If you have any questions after reading through everything, please be sure to ask!

Glad you decided to join us and looking forward to seeing you around the forums.

:wave:*


----------



## StarlingWings (Mar 15, 2013)

Hi Noah and :welcome: to the forums! 

I agree, two weeks is the recommended time period to let a new bird settle in before beginning taming and bonding sessions :thumbsup: 

I'd say that Enoch most likely will do just fine if you proceed slowly and at his pace to begin to go through the taming and bonding process. 
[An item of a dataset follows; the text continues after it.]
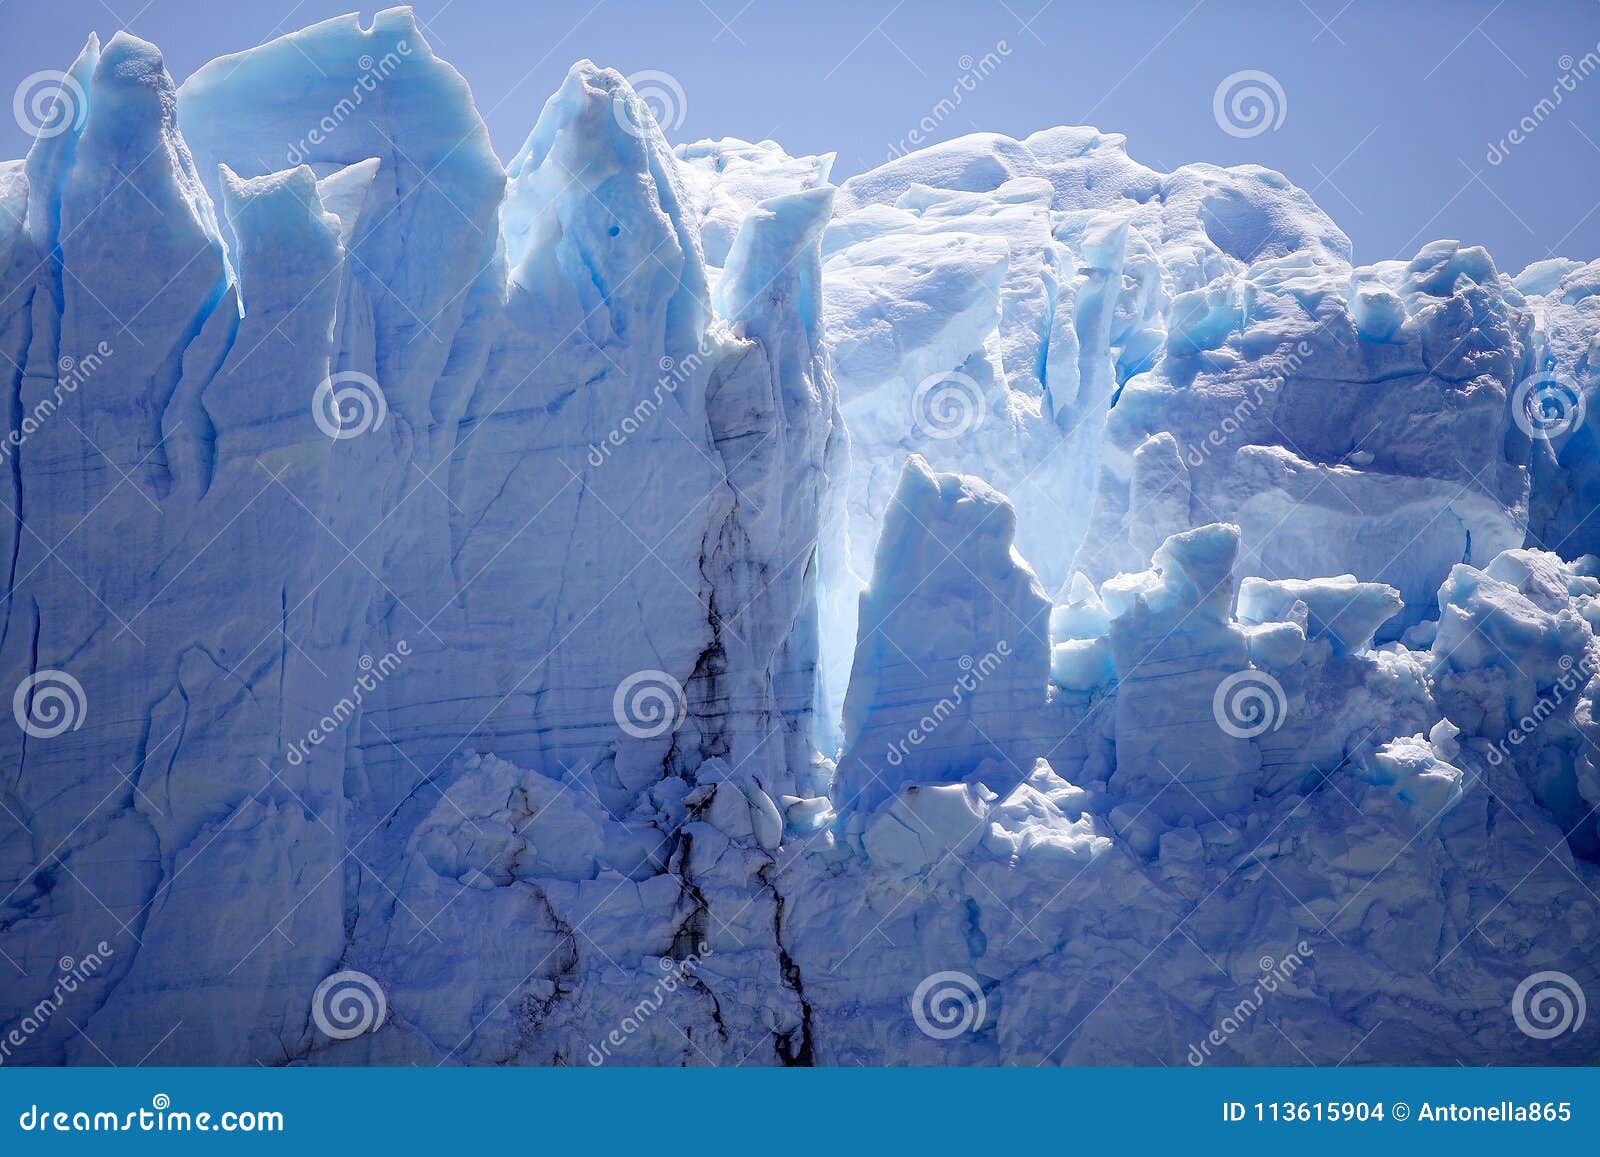 perito moreno glacier view from brazo rico in the argentino lake in patagonia, argentina

Around here, you'll find lots of tips about how to make the bond between you and Enoch the best it can be! Check out the "stickies" (threads "stuck" to the top of each subforum) and budgie articles we have throughout the forums, especially the Taming and Bonding section! The links provided above will help you to get started, too. 

If you have any questions after reading though everything, be sure to ask as we'd love to help! 

Hope to see you and darling Enoch around the forums! :wave:


----------



## Nyctoyo (Jan 5, 2017)

_My new budgie, Midori is the complete opposite of my other, Enoch. Enoch has a nervous personality so it's hard for me to tame and bond with him. Midori is the definition of calm, literally. I've only had her for 3 days and she already stands on my finger, eats out my hand, lets me rub her, and stands on my shoulder. I know half of the reason behind the way she acts is because she has a more relaxed personality but is it also because she's more mature, or has had more human interaction? I like to believe it's also because I made good eye contact with her the moment I laid eyes on the baby girl because I deserve to flatter myself, right? I've had Enoch for almost 6 months and he still moves from my hand, won't step up, and won't let me rub him; he does eat out my hand, though. I'm hoping that since he sees how well she gets along with me that he'll realize I'm not so scary. Anyone had similar experience, any suggestions?_


----------



## FaeryBee (May 9, 2011)

*Every budgie is unique so each may respond differently to particular circumstance.

Please read the information in the stickies as most basic questions have already been answered there.
The resources are available on the forum if you take the time to read them. 

http://talkbudgies.com/taming-bonding/237105-using-positive-reinforcement-training.html*


----------